**Work item**
Return all the lines below exactly. Any picture among them is omitted.

**Provided data**
------------------------------------------------------------
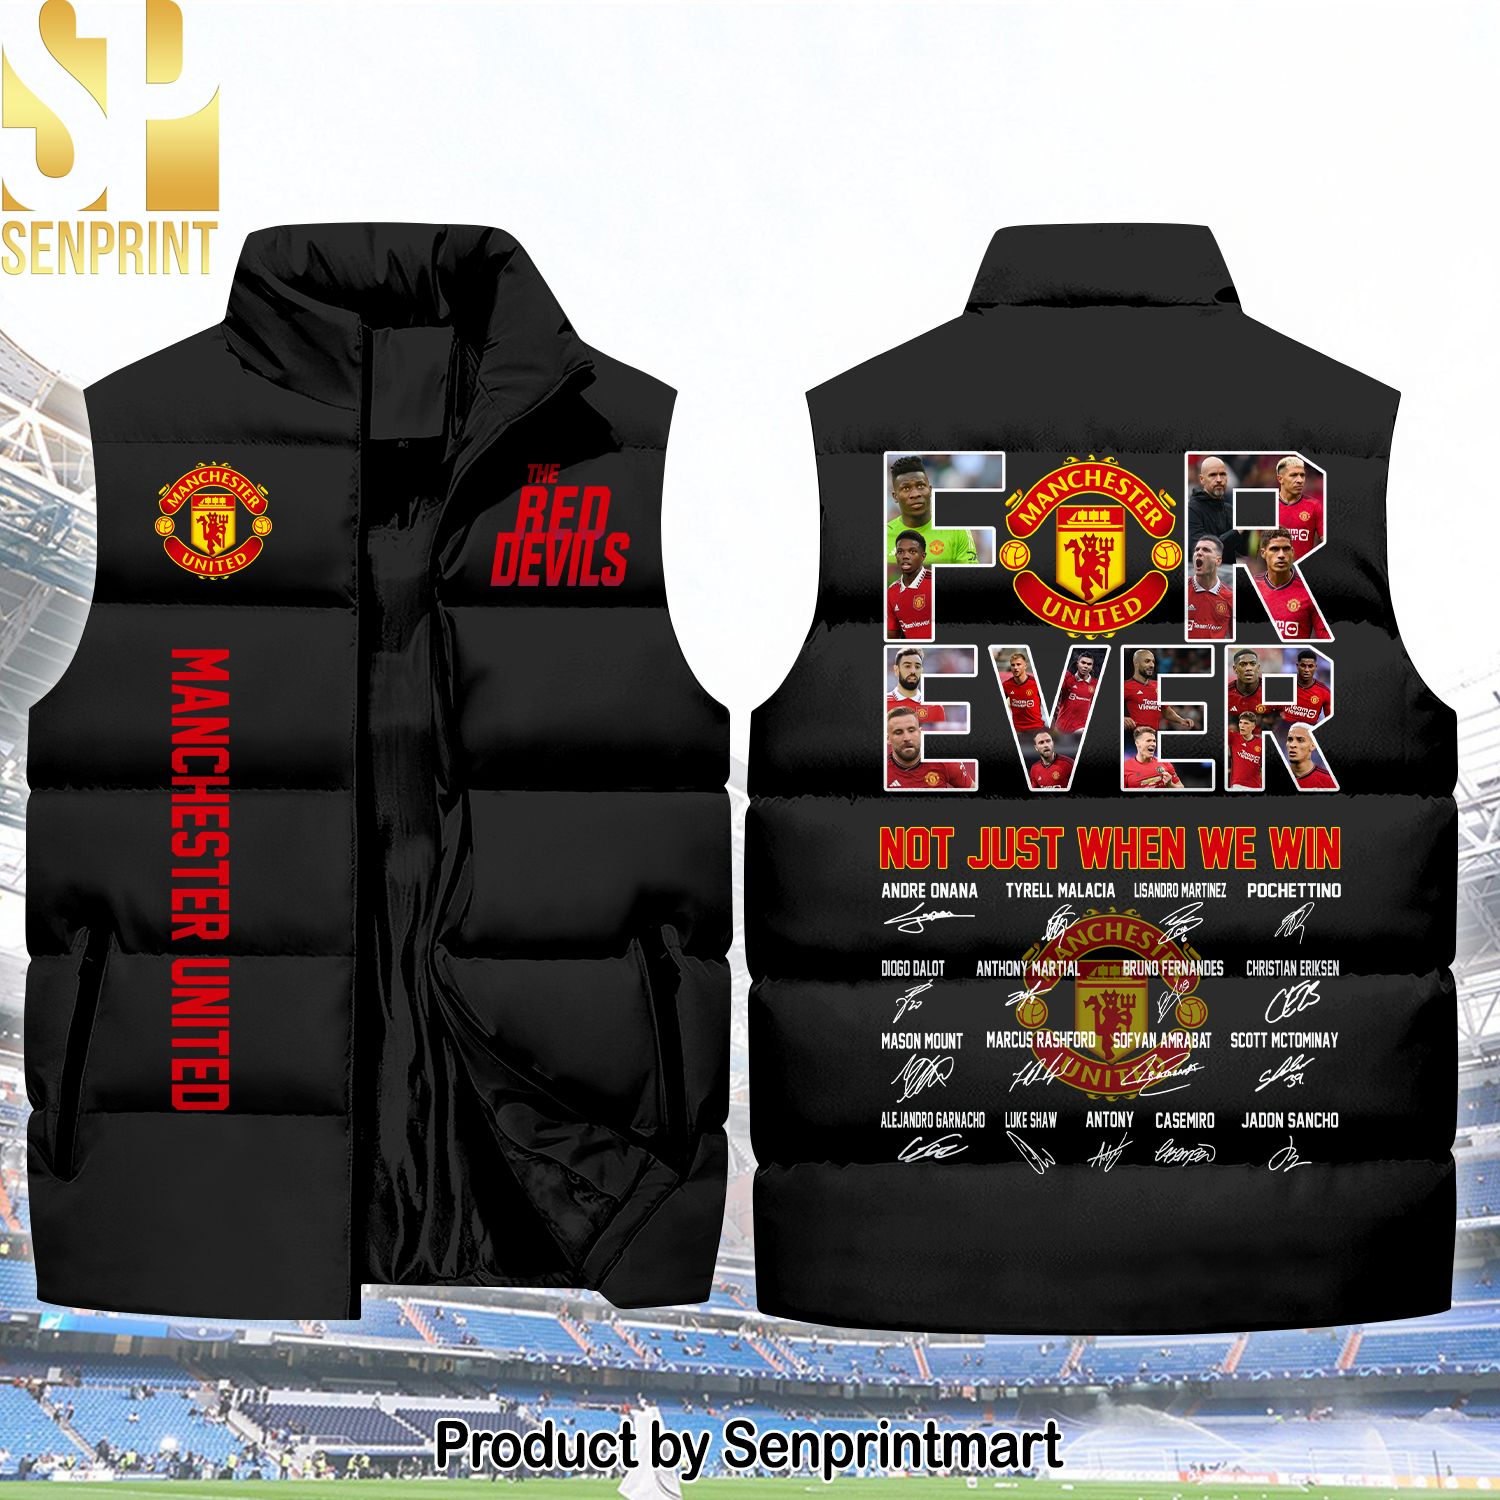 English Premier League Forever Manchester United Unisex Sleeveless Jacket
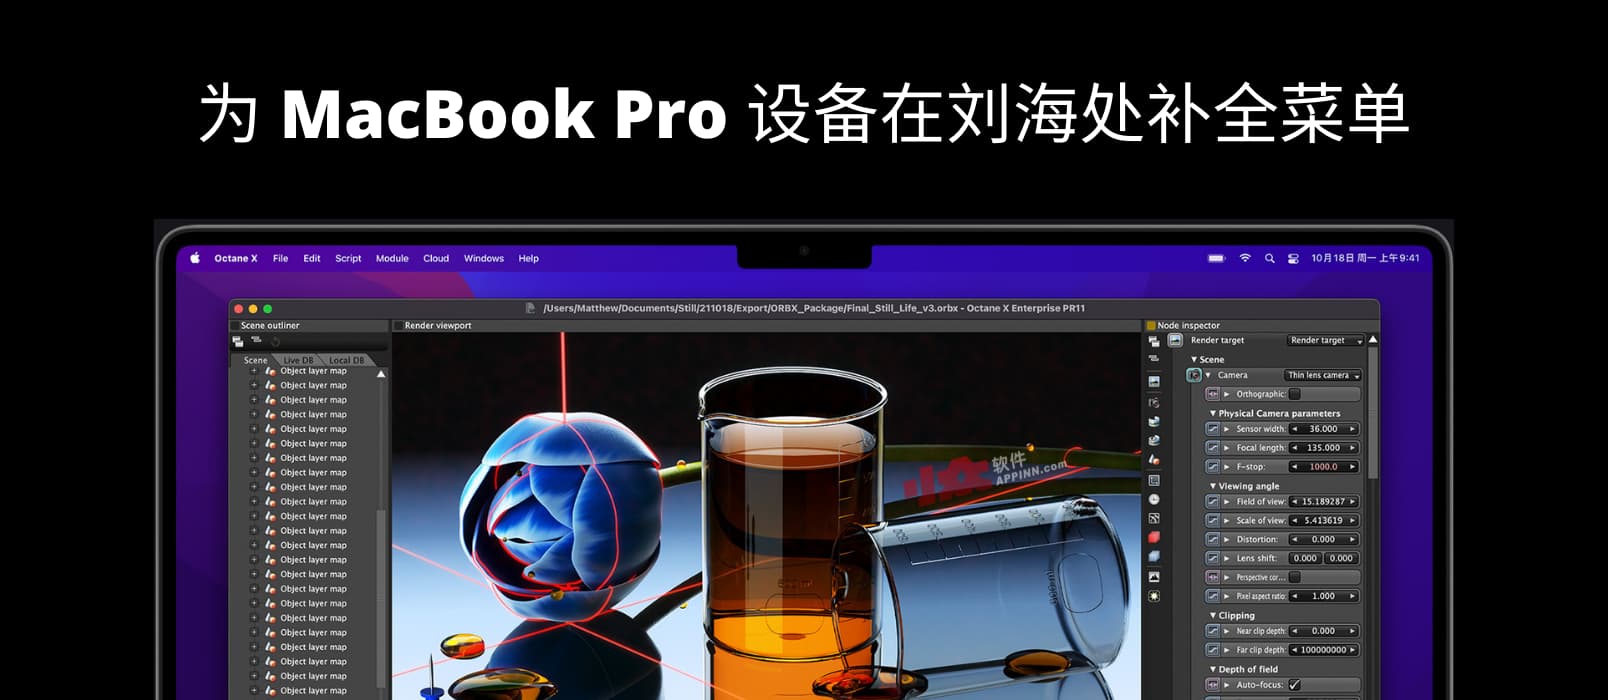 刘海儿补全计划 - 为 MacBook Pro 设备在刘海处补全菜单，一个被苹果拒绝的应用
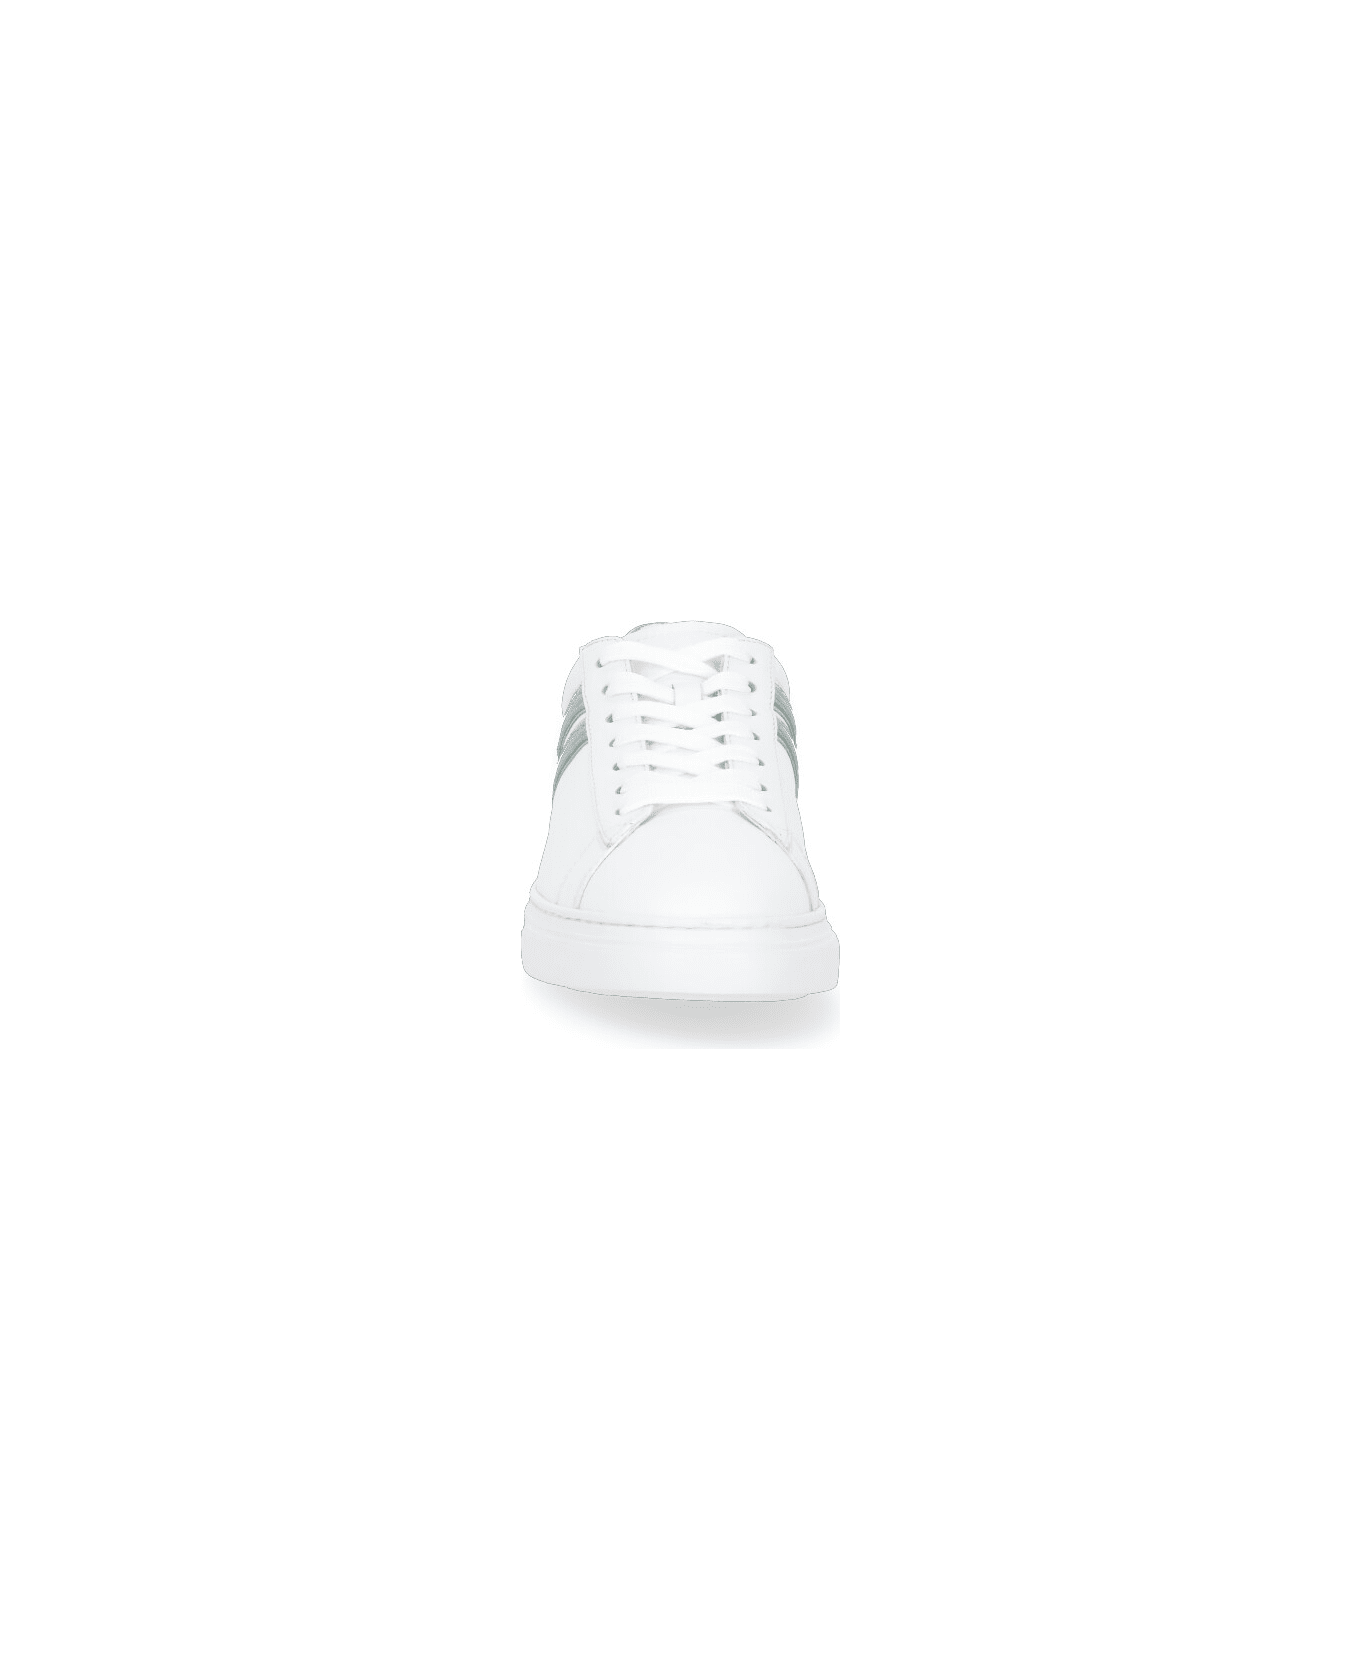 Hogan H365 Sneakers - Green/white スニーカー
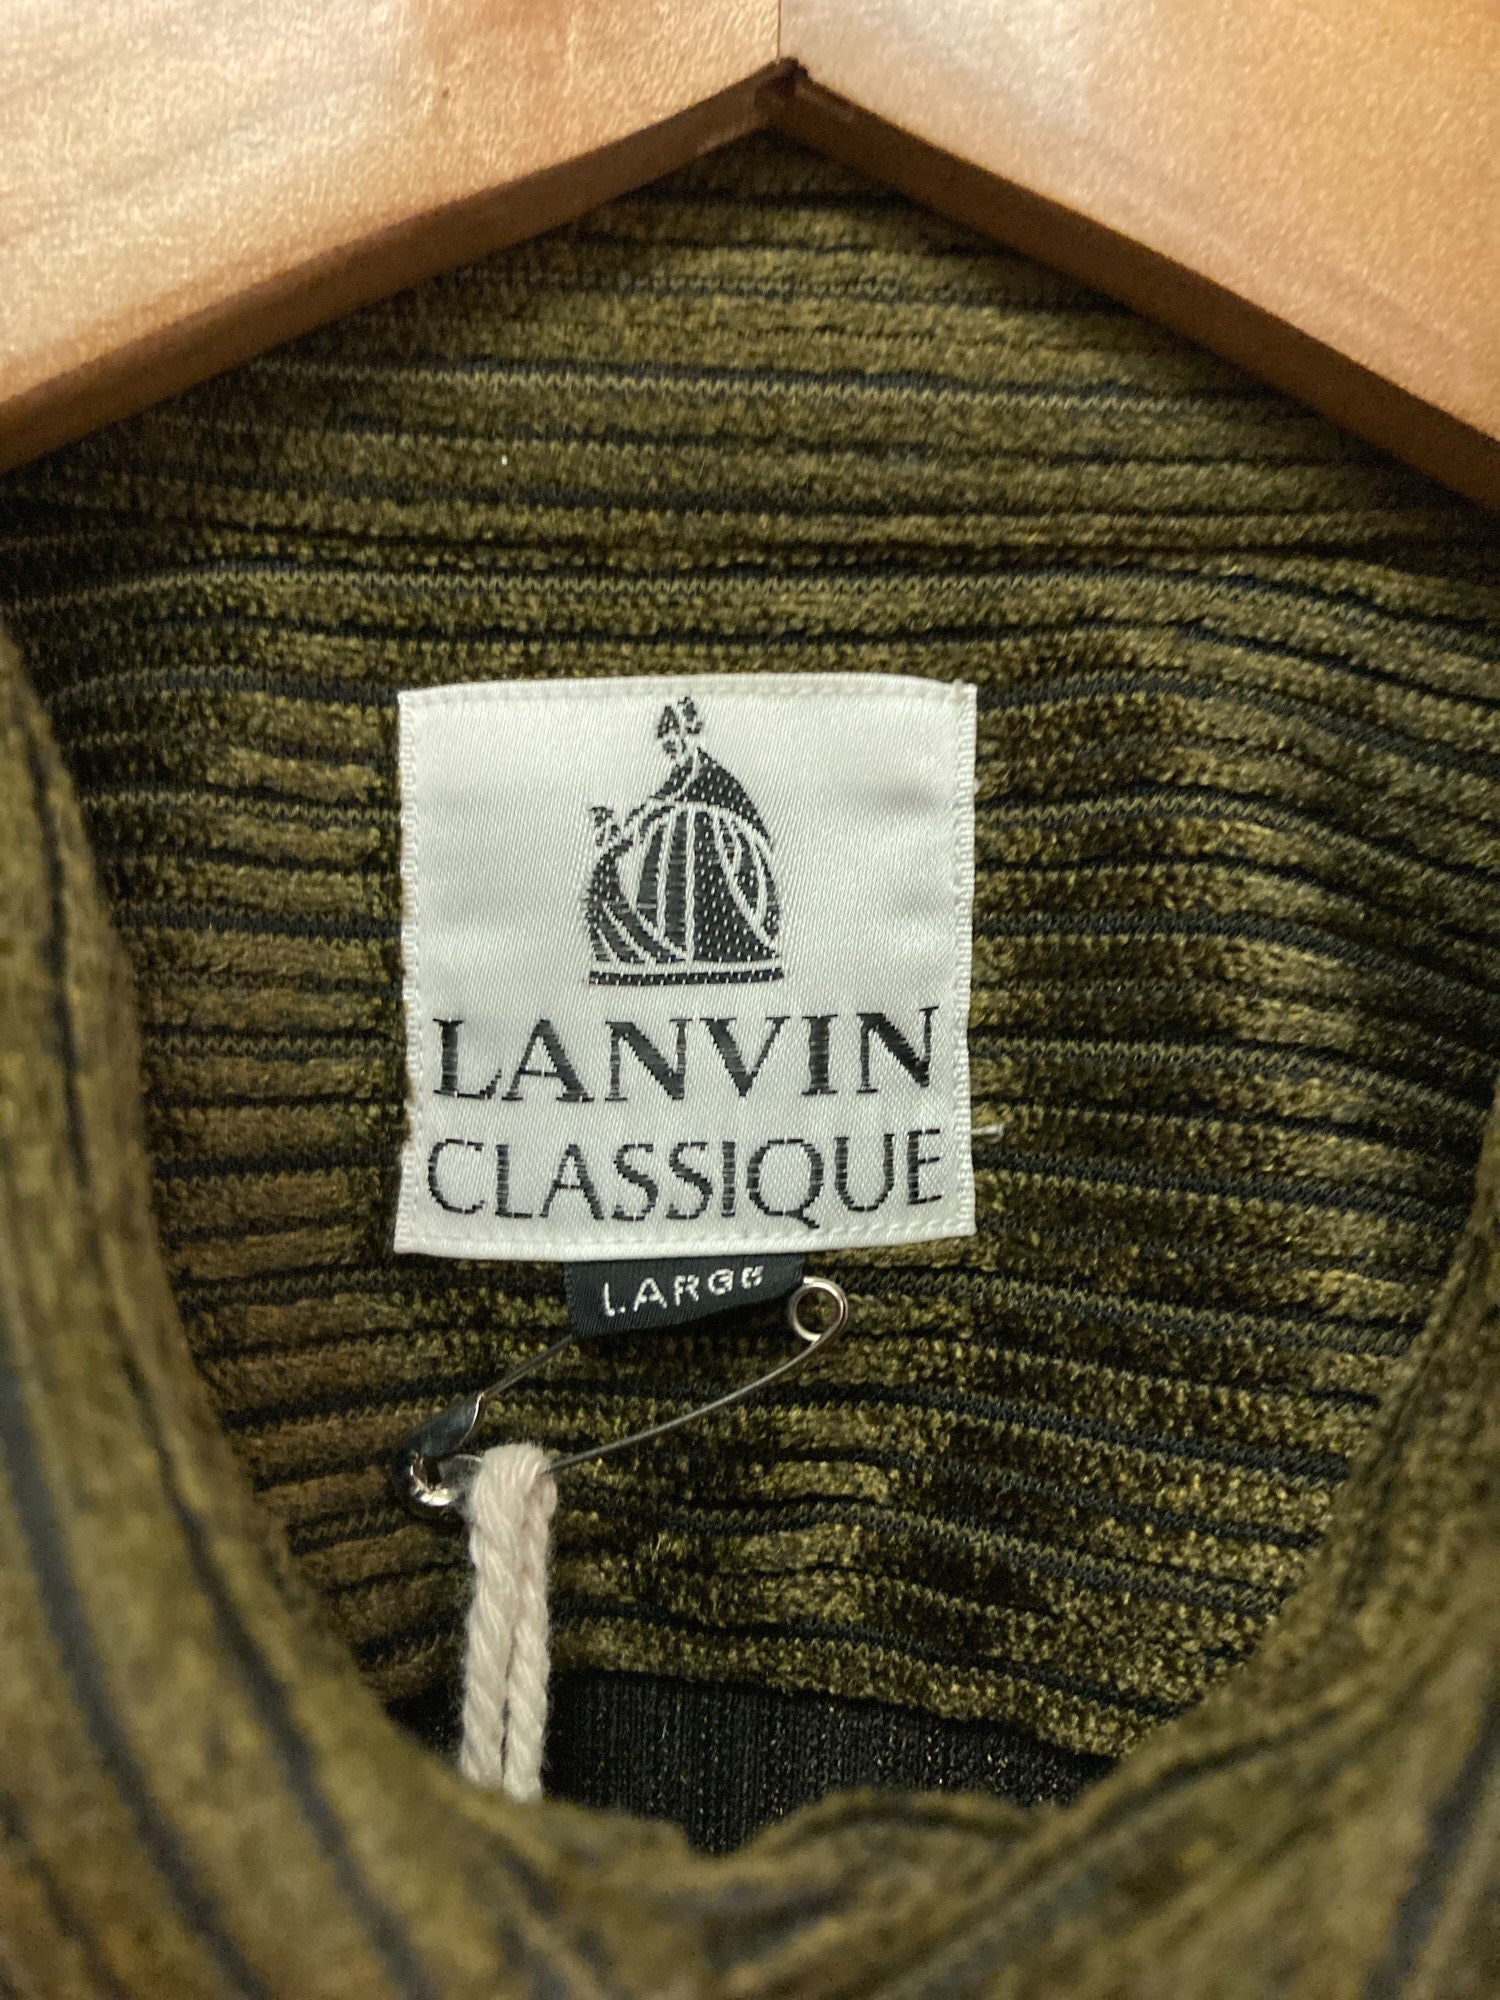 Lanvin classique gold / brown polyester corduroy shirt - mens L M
------------------------------------------------------------
**Completed exercise**
 English Premier League Forever Manchester United Unisex Sleeveless Jacket
 刘海儿补全计划 - 为 MacBook Pro 设备在刘海处补全菜单，一个被苹果拒绝的应用
 Hogan H365 Sneakers - Green/white スニーカー
 Lanvin classique gold / brown polyester corduroy shirt - mens L M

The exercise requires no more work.